Recently, Pakistan’s tumultuous political and economic landscape has garnered significant international attention, especially from the great powers, as Pakistan still struggles to ensure its people’s social welfare and map out strategies to respond to the rise in extremism. How come? To put it into a better perspective, Pakistan’s economy substantially relies on foreign trade. However, with the war in Ukraine, destructive floods, and the COVID-19 pandemic, this dependence has been proven to be disastrous as annual inflation soared to over 27% at the beginning of 2023, a record-high since 1975. Consequently, making it harder for the Pakistanis to fulfill their daily needs and import fossil fuels which is an essential commodity necessary to propel the manufacturing and agriculture industries that are the backbone of Pakistan’s society (Davies, 2023). Entrapped in a dire economic situation and sovereign debts, the government thus has limited funds to conduct military operations against extremist and terror groups which are on the rise as inequality looms (Joles, 2023; Tata, 2023). 

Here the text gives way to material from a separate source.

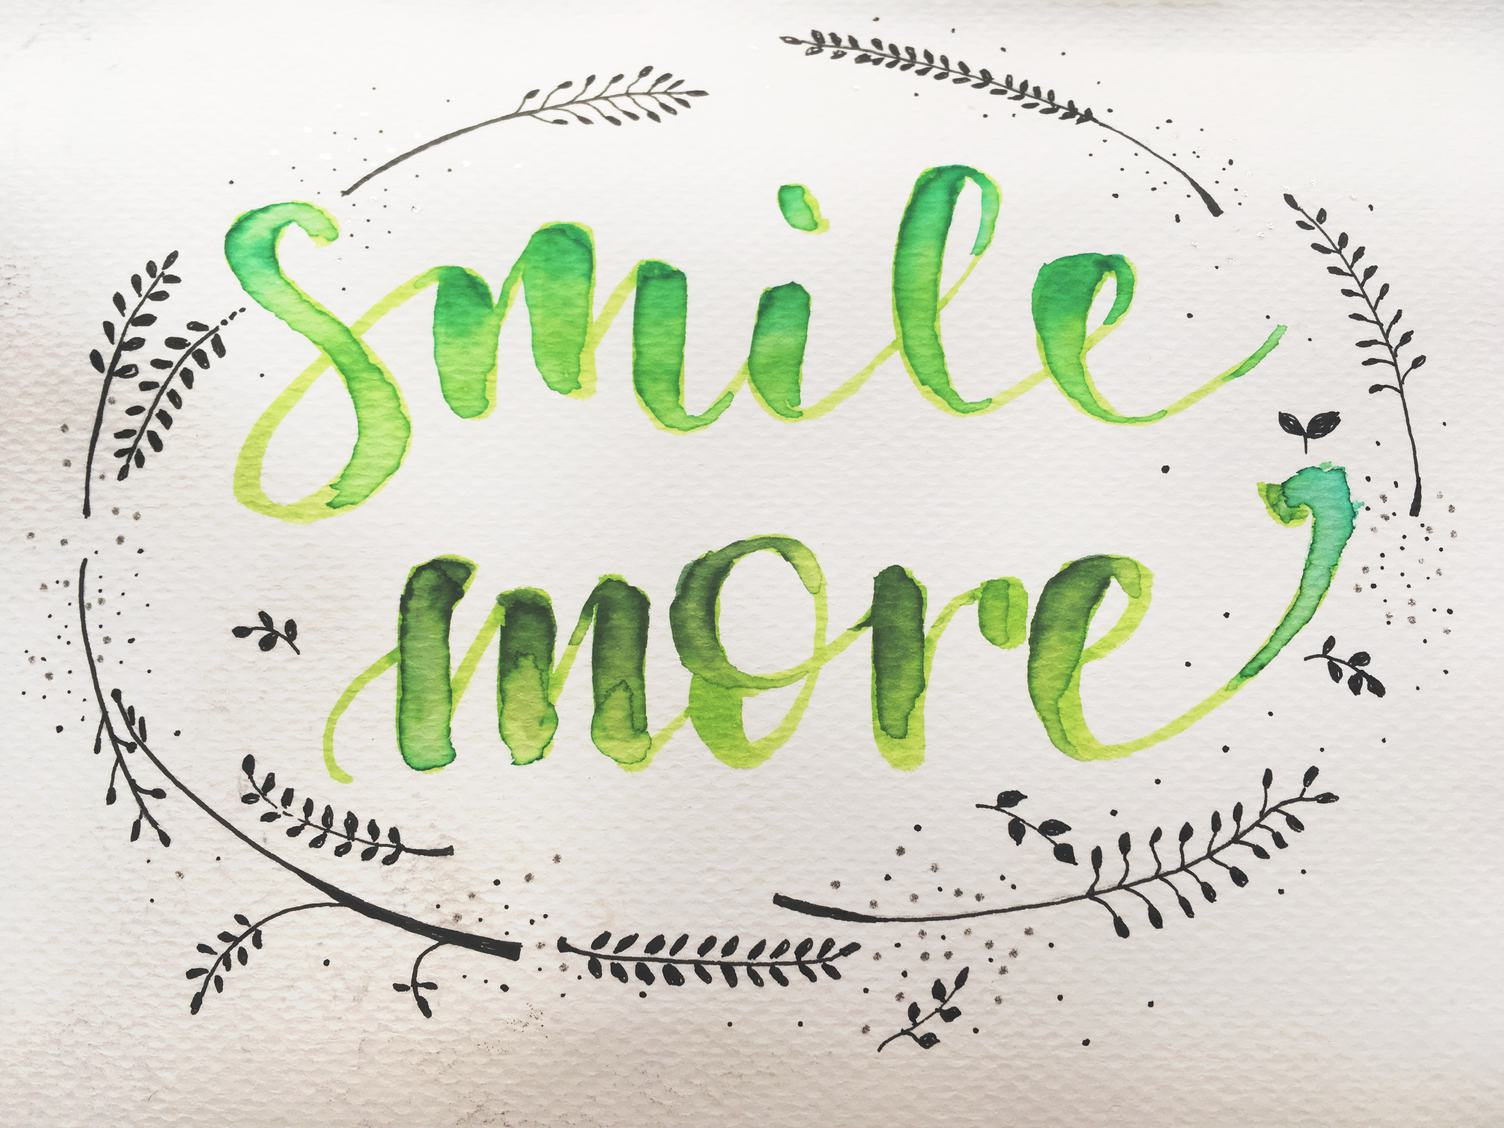 Smile More Calligraphy Inscription
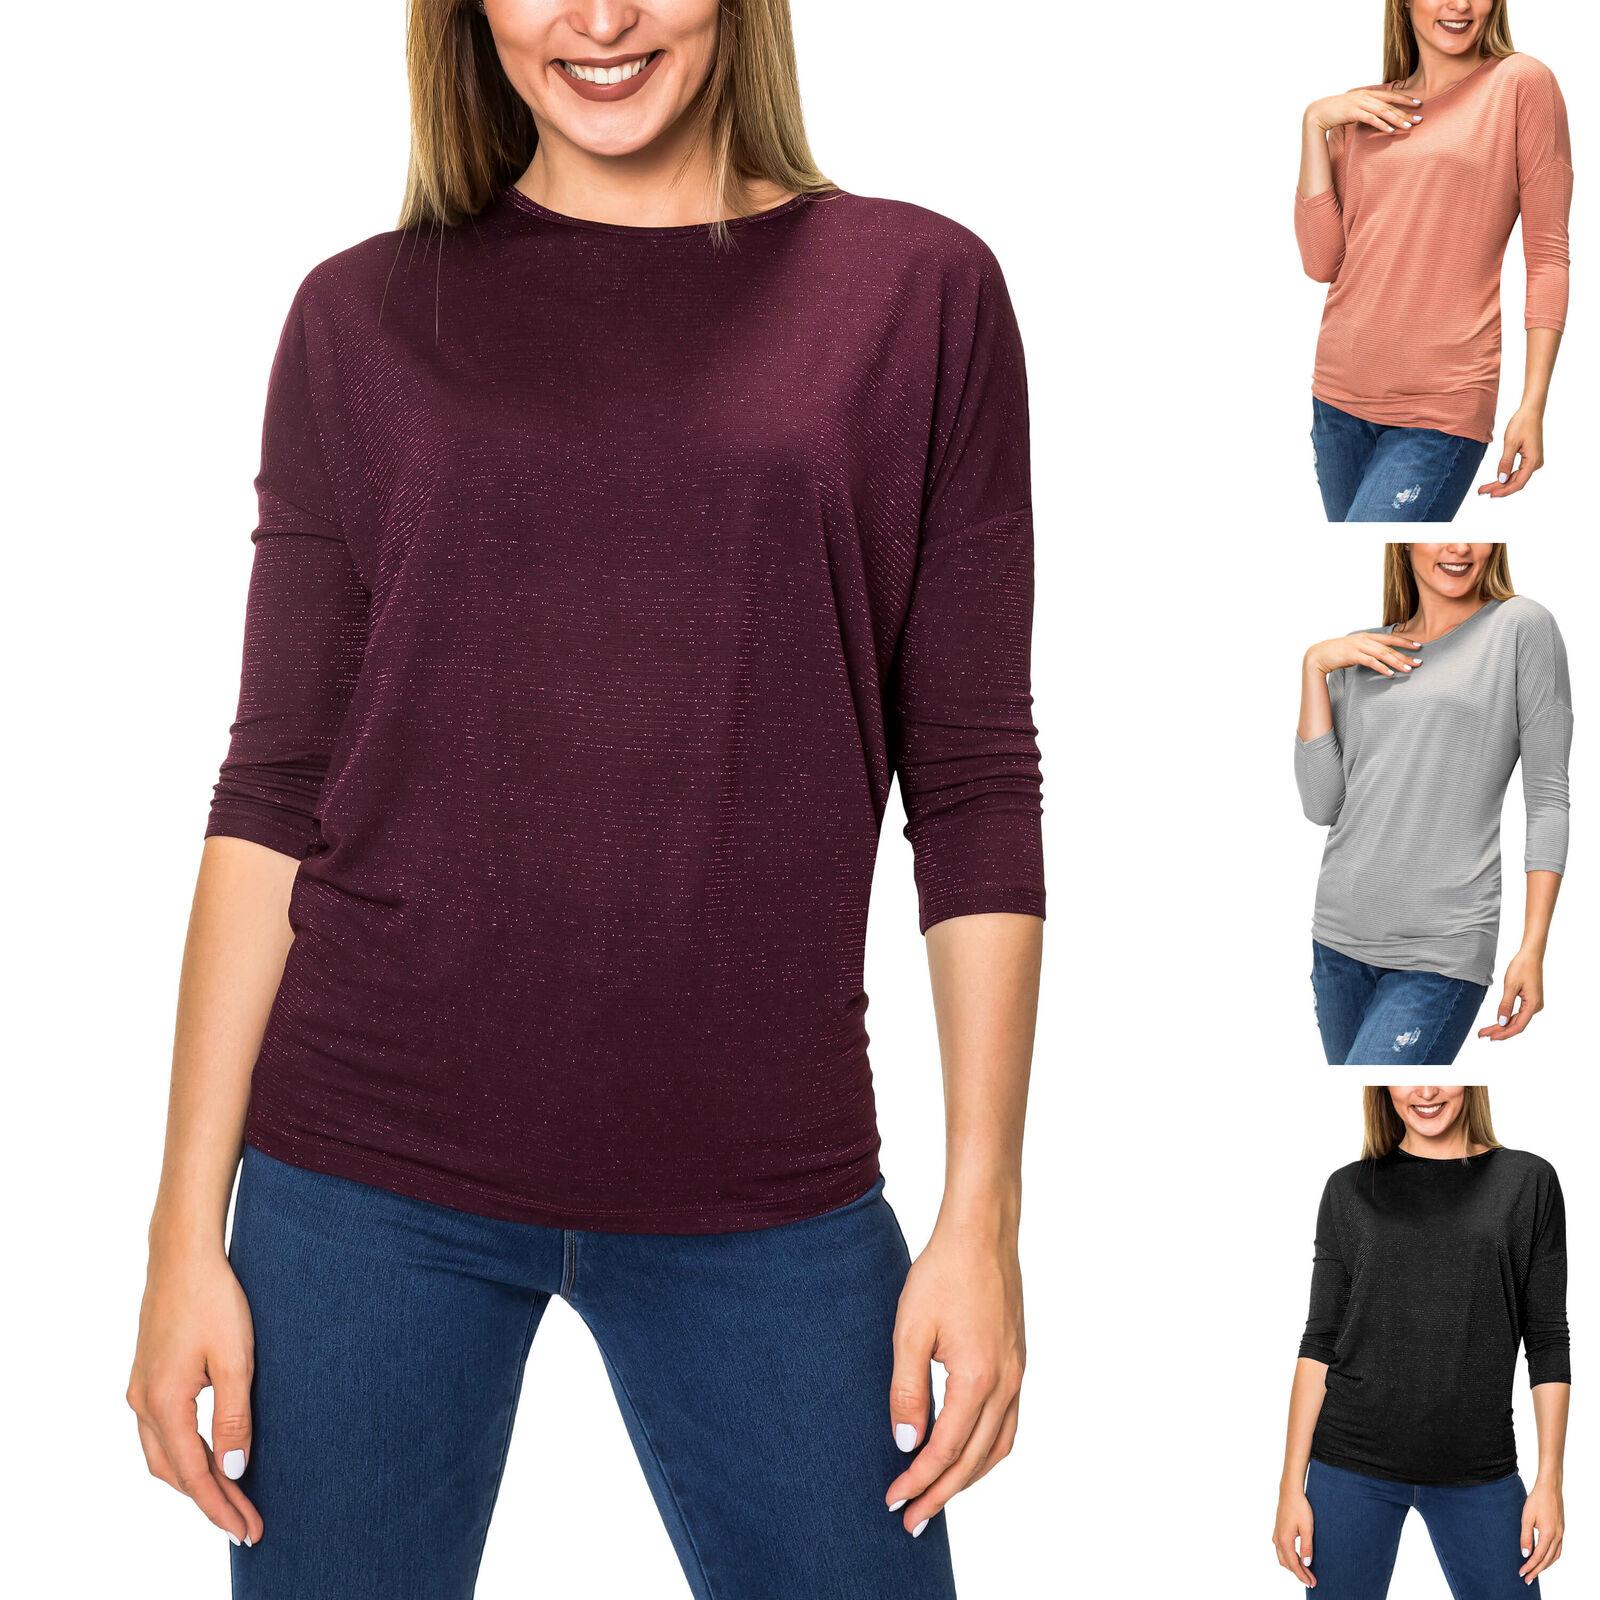 Pieces Damen Langarmshirt Shirt O-Neck mit Lockerem Passform Gestreift Glitzer

Pakistan’s failing economy has also been exacerbated by uncertainties in the political and governmental sectors. After Imran Khan was toppled from power in April 2022, Shehbaz Sharif was elected prime minister and came to face many challenges. Khan accused Sharif’s government of being “foreign-imposed” in which Western conspiracies or powers were believed to be behind domestic changes that could actually increase the risk of militant groups’ attacks against state institutions (Ahmed, 2022). Seeing the turbulence within the political front, the military, which has a long history as the dominating power in Pakistan, is expected to remain intensely active in maintaining its power in the country (Ahmed, 2022). Nonetheless, the questionable stability of the current government also raises the question of who will swoop in and seize control of Pakistan’s nuclear armaments.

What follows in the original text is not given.